The United States has exported many things over the nearly 229 years of our history. Some of those exports are good and some, not so good.

In his second inaugural address, President Bush made it clear he intends to make liberty America's No. 1 export in his second term. The president said, "We are led, by events and common sense, to one conclusion: the survival of liberty in our land increasingly depends on the success of liberty in other lands. The best hope for peace in our world is the expansion of freedom in all the world."

So, liberty is not the sole possession or received blessing of one nation. It is to be shared, like alms for the poor or tsunami relief (search), with other souls yearning to breathe free.

A survey by a Washington think tank says 80 percent of Iraqis, including Sunnis (search), plan to vote in the Jan. 30 election. Nearly 65 percent believe their future will be more hopeful in five years, though they see problems between now and then. For these Iraqis, the promise of liberty has brought them hope.

In his address, the president answered his critics who say we should pull out of Iraq and that the post-war effort isn't going well. The president said, "America has need of idealism and courage, because we have essential work at home — the unfinished work of American freedom. In a world moving toward liberty, we are determined to show the meaning and promise of liberty."

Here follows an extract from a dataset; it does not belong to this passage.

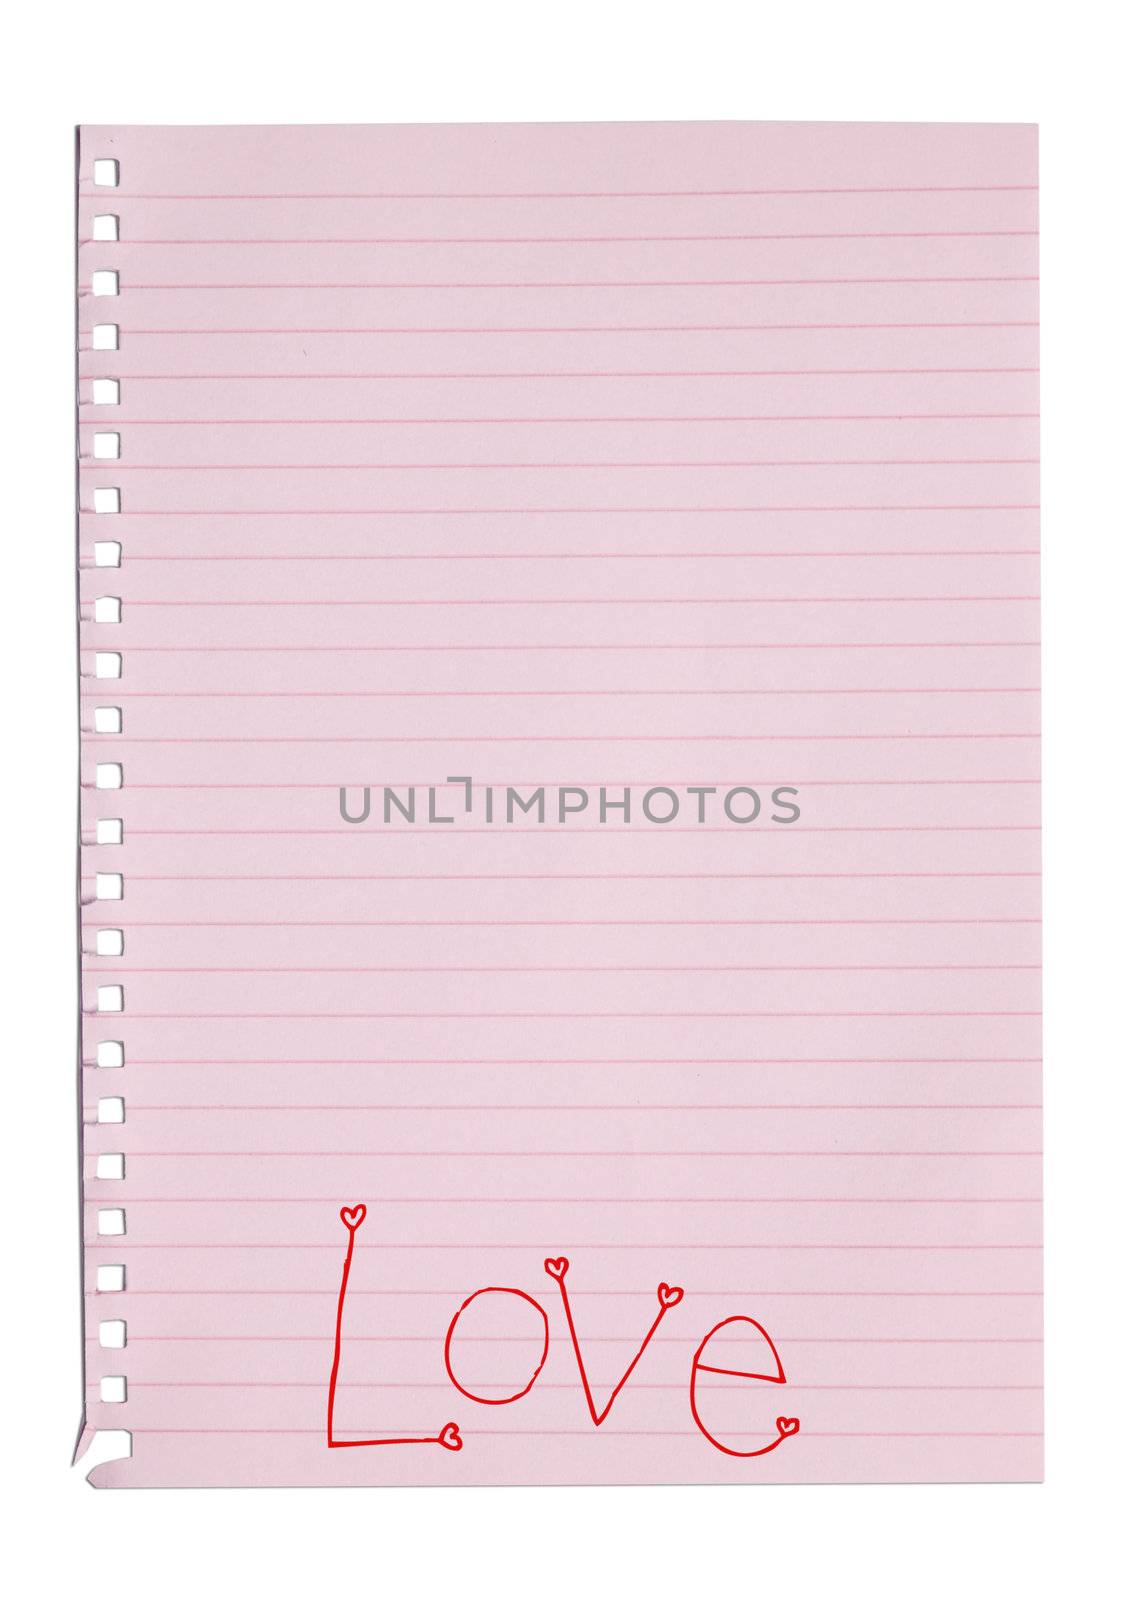 Handwriting love word on pink note paper

The president's father was famous for deriding "the vision thing." This President Bush has a vision. He thinks in bold terms and paints in broad strokes. History will judge whether he was right or wrong, but he is right to act on the noblest of ideas — that all men and women deserve to live in freedom, not bondage.

He will have many opponents, and not just in other countries, but here at home. Certain politicians do not want him to succeed because their own vision doesn't extend beyond themselves and their careers.

This is the boldest president we have had in a long time. It's going to be a fascinating four years.

And that's Column One for this week.